Search papers, labs, and topics across Lattice.
This paper introduces a two-stage framework for duet dance motion synthesis, addressing challenges of limited data and complex human interactions. The first stage uses a motion VQ-VAE with body-part specific encoders and a joint decoder to improve motion representation and consistency. The second stage employs a contact-aware diffusion model that jointly generates motion and a contact matrix, explicitly modeling interactions between dancers.
Synthesizing realistic duet dance motions gets a boost from explicitly modeling inter-dancer contact, leading to significantly improved interaction fidelity and rhythmic synchronization.

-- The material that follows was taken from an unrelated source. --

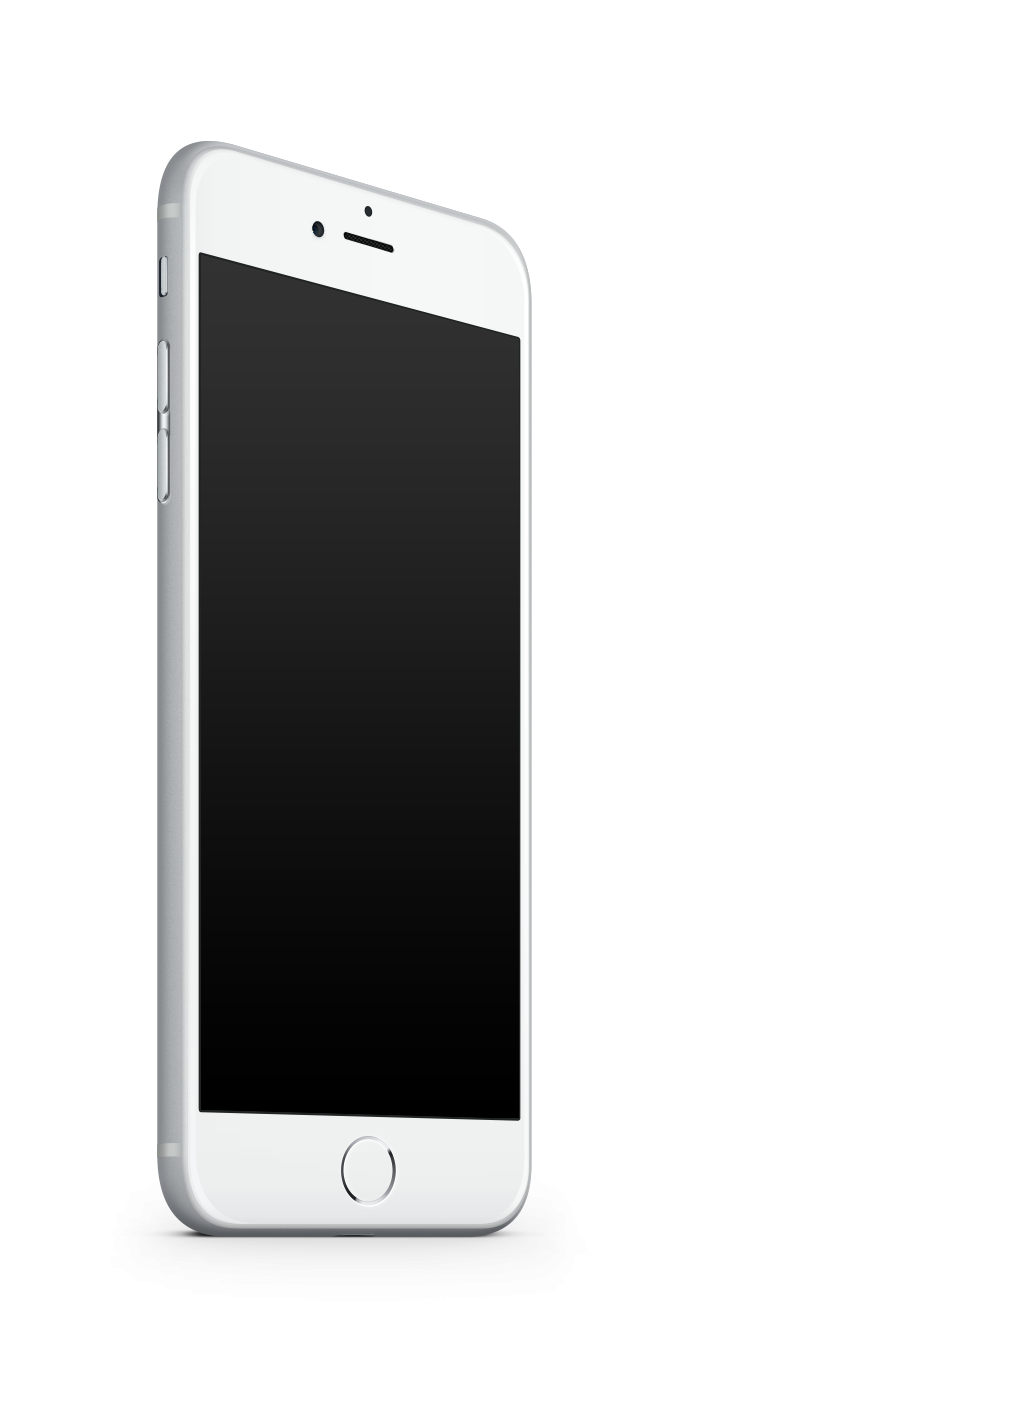 Apple iPhone 7 Plus PNG in Transparent
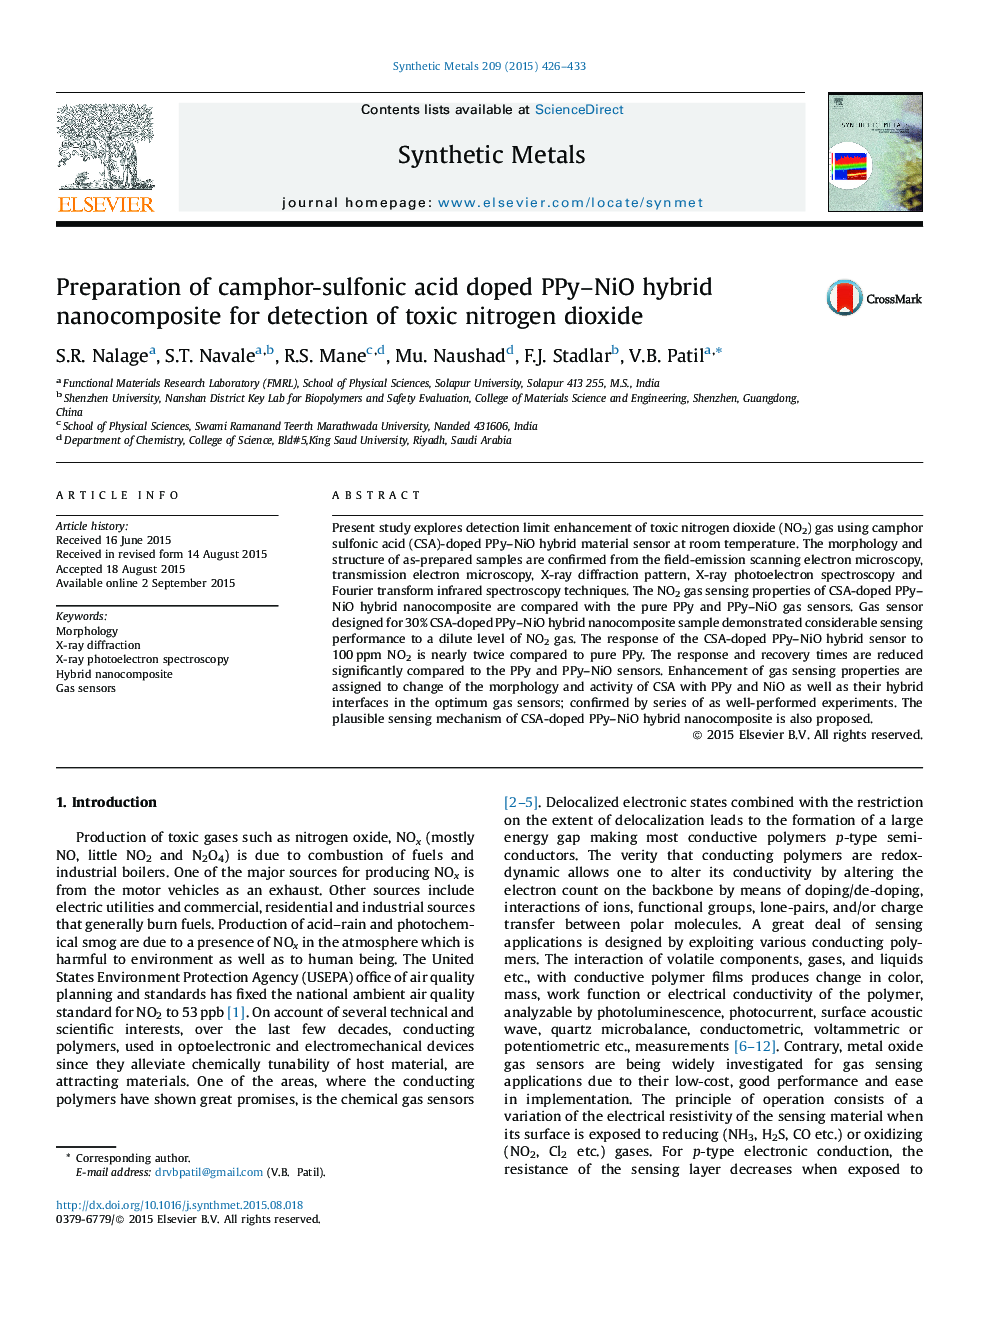 Preparation of camphor-sulfonic acid doped PPy–NiO hybrid nanocomposite for detection of toxic nitrogen dioxide

Generating realistic reactive motions, in which one person reacts to the fixed motions of others, is challenging due to strict interaction constraints and a limited feasible solution space. This paper focuses on a typical scenario: duet dance, where high-quality data is scarce, motion patterns are complex, and the details of human interactions are both intricate and abundant. To tackle these challenges, we propose a novel two-stage framework. In the first stage, we introduce a motion VQ-VAE with separate body-part encoders and a joint decoder, enabling specialized codebooks to enhance representation capacity while dynamically modeling dependencies across body parts during decoding, thereby preventing inconsistencies in the generated motions. In the second stage, we propose a contact-aware diffusion model for reactive motion generation that jointly generates motion and a contact matrix between individuals, enabling explicit interaction modeling and providing guidance toward more precise and constrained interaction dynamics during sampling. Experiments show that our method outperforms Duolando with lower $\text{FID}_k$ (8.89 vs. 25.30) and $\text{FID}_{cd}$ (8.01 vs. 9.97), as well as a higher BED (0.4606 vs. 0.2858), indicating improved interaction fidelity and rhythmic synchronization.